Brief: Records follow. Select each line holding "Fabric".

Records to process:
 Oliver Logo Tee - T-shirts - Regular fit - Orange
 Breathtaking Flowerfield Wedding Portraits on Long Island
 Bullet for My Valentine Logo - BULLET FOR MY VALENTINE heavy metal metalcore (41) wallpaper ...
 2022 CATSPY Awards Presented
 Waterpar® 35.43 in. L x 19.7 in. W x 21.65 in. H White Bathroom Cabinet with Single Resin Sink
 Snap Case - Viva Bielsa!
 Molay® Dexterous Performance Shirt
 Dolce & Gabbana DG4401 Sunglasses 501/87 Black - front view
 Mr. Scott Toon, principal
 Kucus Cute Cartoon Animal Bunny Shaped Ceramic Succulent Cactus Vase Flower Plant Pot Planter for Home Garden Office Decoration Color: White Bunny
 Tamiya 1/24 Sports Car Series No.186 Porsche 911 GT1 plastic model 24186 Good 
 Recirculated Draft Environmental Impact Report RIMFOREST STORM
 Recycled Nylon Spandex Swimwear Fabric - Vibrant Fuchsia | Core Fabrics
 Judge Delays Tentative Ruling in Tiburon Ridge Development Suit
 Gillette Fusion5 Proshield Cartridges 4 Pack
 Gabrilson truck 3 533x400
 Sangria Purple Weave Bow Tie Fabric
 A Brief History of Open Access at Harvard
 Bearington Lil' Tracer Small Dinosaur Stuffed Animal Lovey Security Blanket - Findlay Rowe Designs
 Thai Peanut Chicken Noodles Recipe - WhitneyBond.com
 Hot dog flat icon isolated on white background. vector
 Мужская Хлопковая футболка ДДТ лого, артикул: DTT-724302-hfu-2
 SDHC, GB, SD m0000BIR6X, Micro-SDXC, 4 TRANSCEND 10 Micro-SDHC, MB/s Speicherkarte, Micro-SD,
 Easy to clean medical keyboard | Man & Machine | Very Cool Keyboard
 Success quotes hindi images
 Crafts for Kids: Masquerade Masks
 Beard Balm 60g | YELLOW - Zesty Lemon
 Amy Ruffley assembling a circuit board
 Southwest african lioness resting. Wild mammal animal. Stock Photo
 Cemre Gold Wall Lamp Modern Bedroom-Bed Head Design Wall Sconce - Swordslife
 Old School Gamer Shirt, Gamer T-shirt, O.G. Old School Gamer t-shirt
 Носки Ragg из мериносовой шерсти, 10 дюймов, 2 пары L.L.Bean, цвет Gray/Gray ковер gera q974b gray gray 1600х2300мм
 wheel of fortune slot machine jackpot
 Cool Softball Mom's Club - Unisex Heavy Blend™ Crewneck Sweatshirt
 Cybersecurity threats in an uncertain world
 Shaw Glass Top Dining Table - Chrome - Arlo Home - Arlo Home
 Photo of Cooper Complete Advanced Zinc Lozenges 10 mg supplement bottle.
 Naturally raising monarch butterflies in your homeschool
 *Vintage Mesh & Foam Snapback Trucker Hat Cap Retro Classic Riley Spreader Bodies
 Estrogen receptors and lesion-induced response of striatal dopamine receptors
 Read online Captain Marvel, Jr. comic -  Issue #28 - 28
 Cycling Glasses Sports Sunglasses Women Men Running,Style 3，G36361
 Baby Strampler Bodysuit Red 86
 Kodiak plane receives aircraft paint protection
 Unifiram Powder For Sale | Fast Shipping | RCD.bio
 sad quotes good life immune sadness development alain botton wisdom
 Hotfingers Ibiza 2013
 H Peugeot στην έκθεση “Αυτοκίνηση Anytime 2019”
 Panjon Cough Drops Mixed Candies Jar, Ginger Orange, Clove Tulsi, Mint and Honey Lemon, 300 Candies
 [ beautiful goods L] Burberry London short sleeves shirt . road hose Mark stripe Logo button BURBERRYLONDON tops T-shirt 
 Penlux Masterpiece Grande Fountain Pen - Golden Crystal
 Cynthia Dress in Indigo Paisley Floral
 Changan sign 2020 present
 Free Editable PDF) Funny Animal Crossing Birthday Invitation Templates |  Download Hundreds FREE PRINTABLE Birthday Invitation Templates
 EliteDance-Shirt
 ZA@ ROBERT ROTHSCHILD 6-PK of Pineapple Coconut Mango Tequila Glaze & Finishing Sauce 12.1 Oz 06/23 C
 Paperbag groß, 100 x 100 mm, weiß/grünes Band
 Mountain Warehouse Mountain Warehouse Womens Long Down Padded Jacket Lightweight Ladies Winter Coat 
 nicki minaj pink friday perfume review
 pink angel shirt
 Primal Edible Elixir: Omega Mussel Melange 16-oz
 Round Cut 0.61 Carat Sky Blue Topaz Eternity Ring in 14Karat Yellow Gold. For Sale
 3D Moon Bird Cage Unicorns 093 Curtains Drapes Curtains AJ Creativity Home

Answer box:
 Recycled Nylon Spandex Swimwear Fabric - Vibrant Fuchsia | Core Fabrics
 Sangria Purple Weave Bow Tie Fabric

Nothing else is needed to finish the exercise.